On the other hand, the Cam Clay model is a form of plastic analysis specifically developed for clayey soils. This model considers the soil behavior in three main phases: compressibility, shear, and consolidation. Compressibility represents the volume reduction of the soil due to applied stress, shear describes the plastic deformation process of the soil, while consolidation relates to the dissipation of water within the soil and the resulting void reduction.
While the Mohr-Coulomb model is more general and can be applied to different types of soils, the Cam Clay model is specifically suited for clayey soils. The Cam Clay model takes into account the particular characteristics of clays, such as their compressibility and high sensitivity to water. The Cam Clay model can predict the behavior of clayey soils under both static and dynamic loading conditions.

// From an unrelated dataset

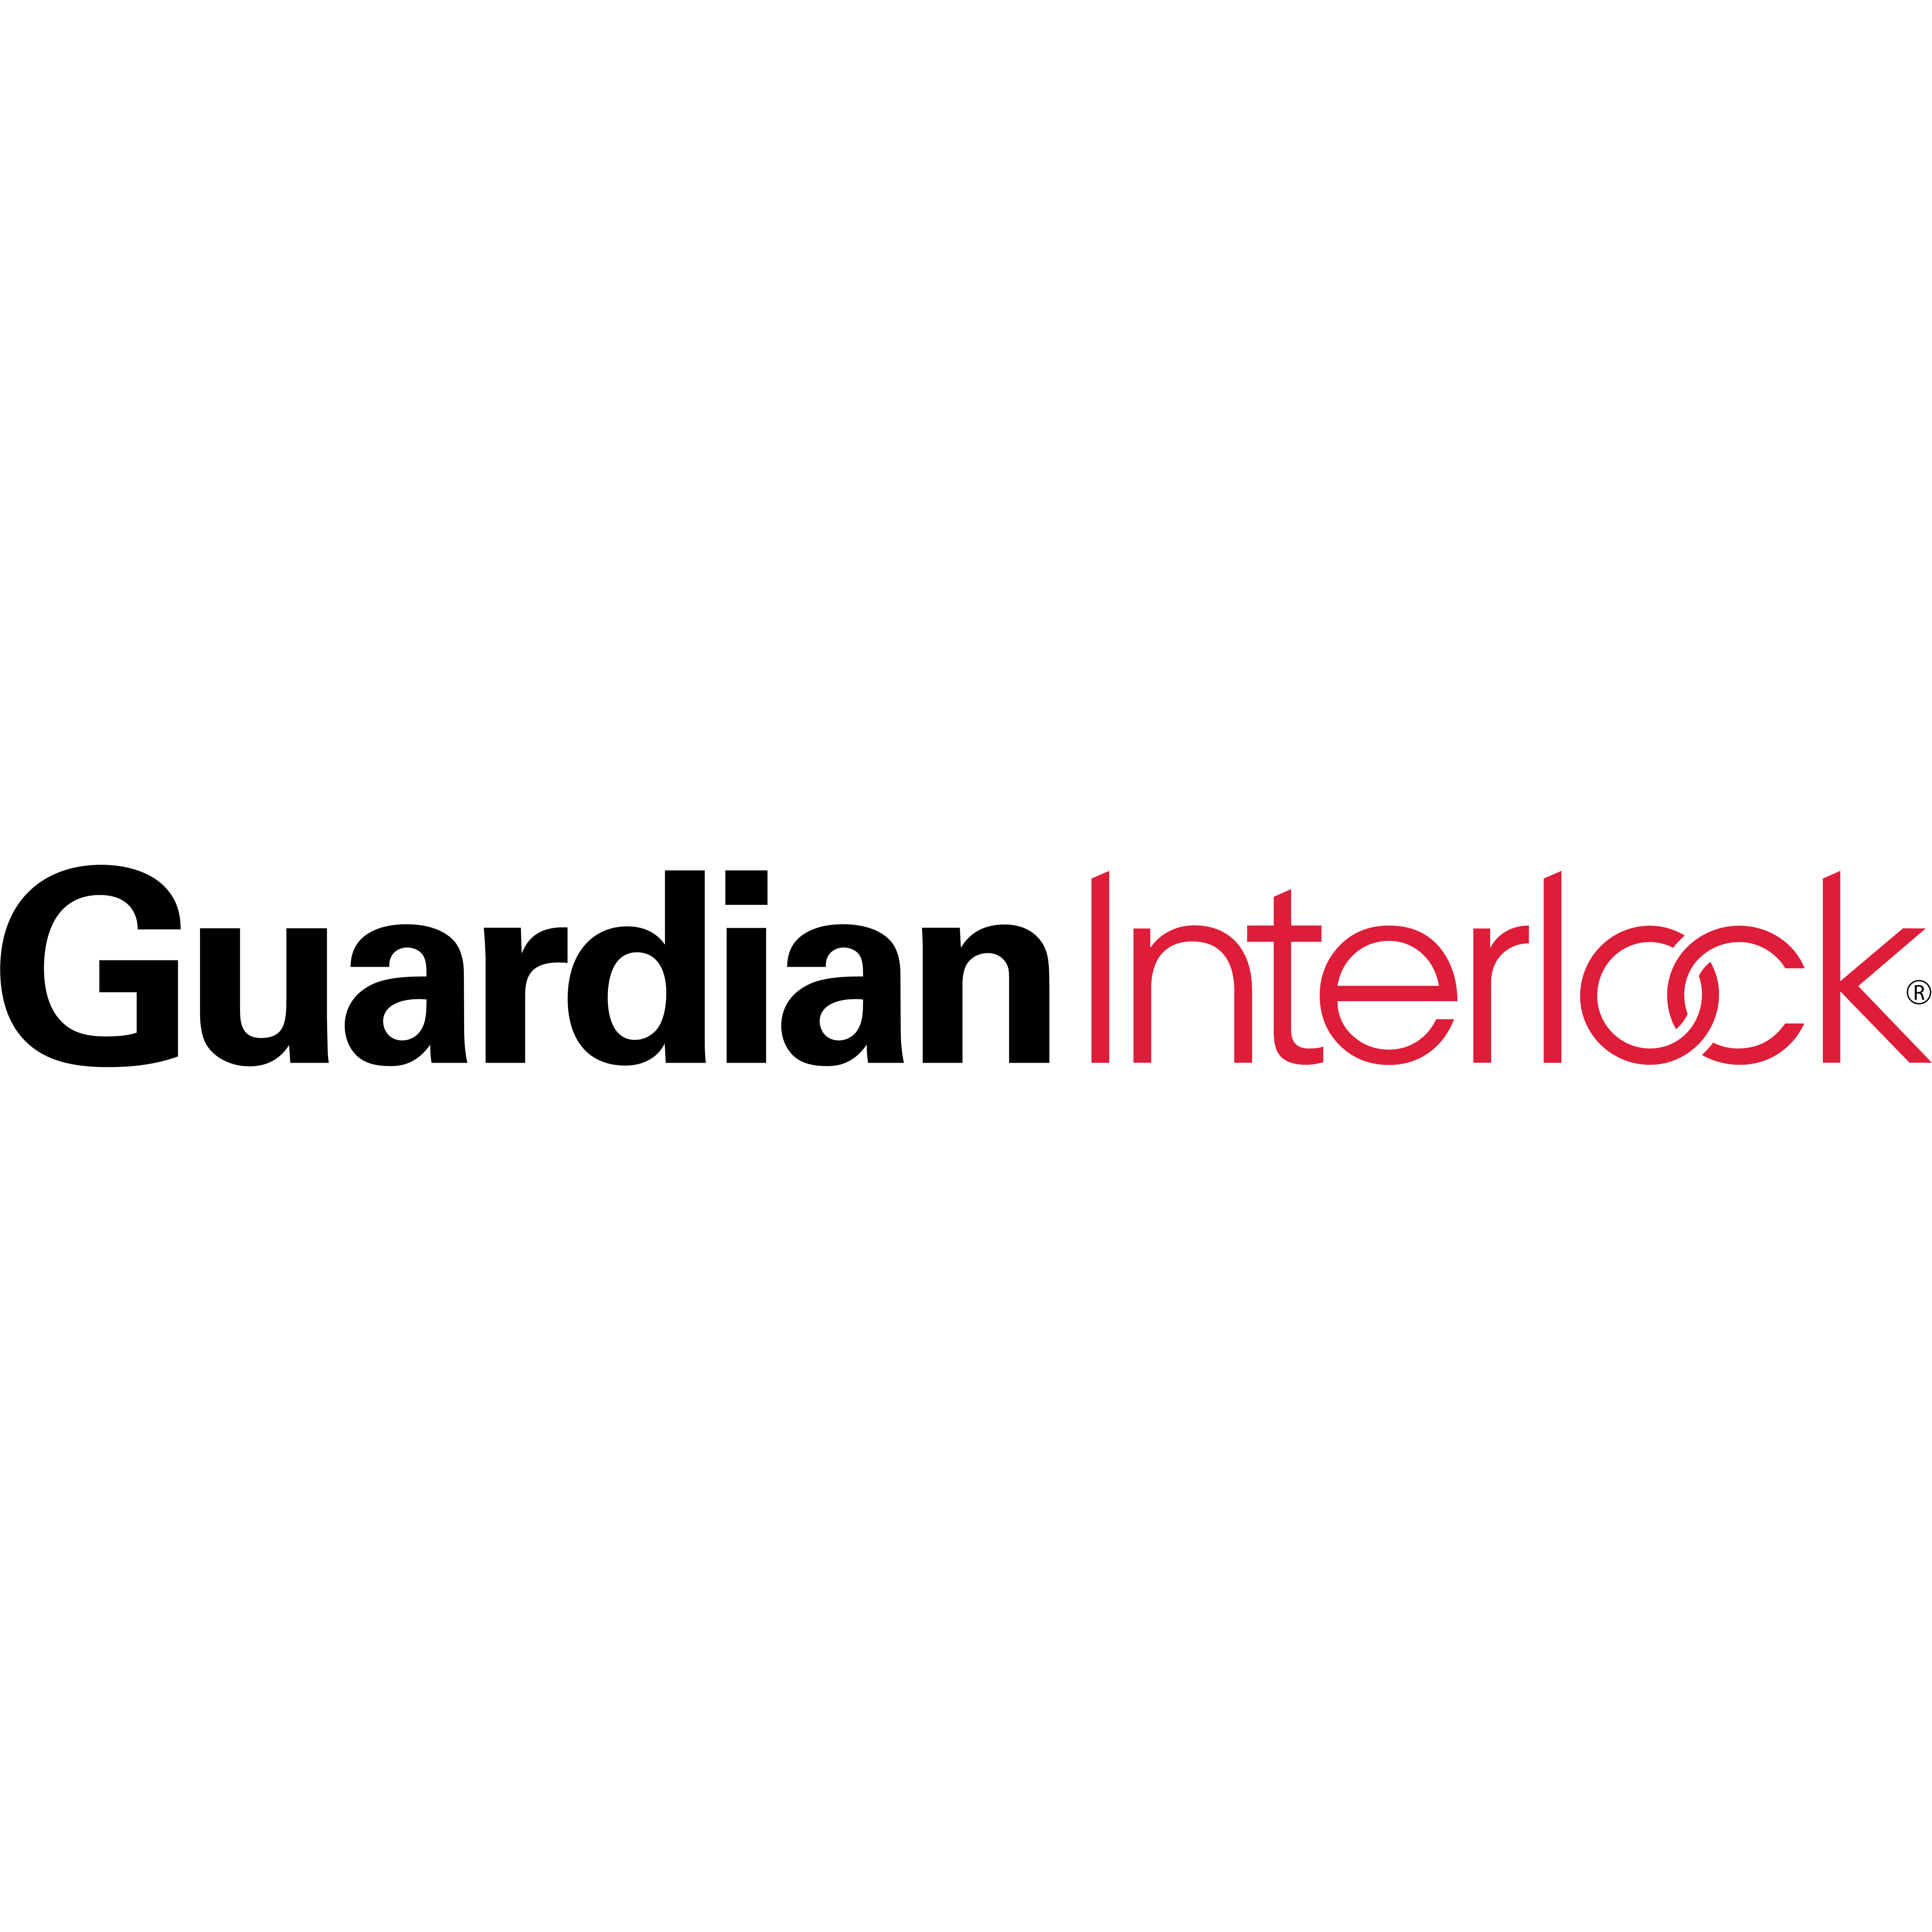 Guardian Interlock - Fremont, NE 68025 - (402)205-5763 | ShowMeLocal.com
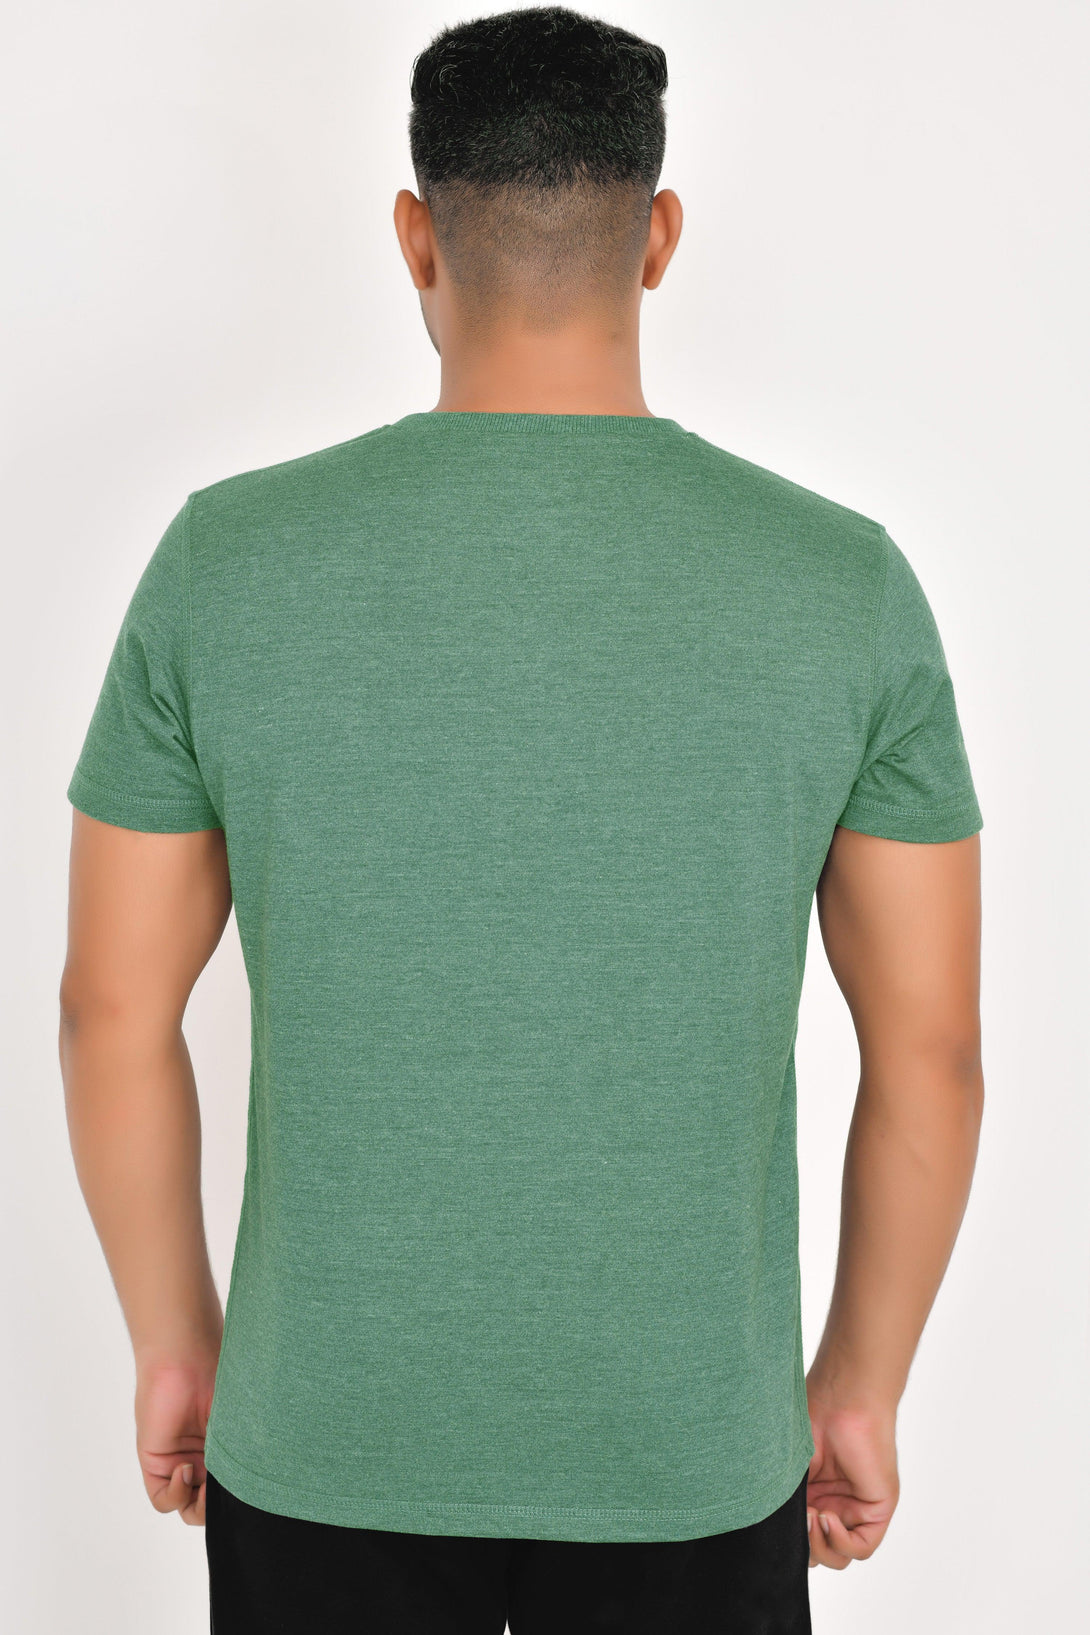 HENLEY T-Shirts | TAN-NAVY MELANGE-HUNTER GREEN - FTS

Both models have their advantages and limitations and are used in different geotechnical analysis contexts. The choice between the Mohr-Coulomb model and the Cam Clay model depends on the specific characteristics of the soil in question and the objectives of the analysis. In general, the Mohr-Coulomb model is simpler and can be applied to a wider range of soils, while the Cam Clay model offers a more accurate description for clayey soils.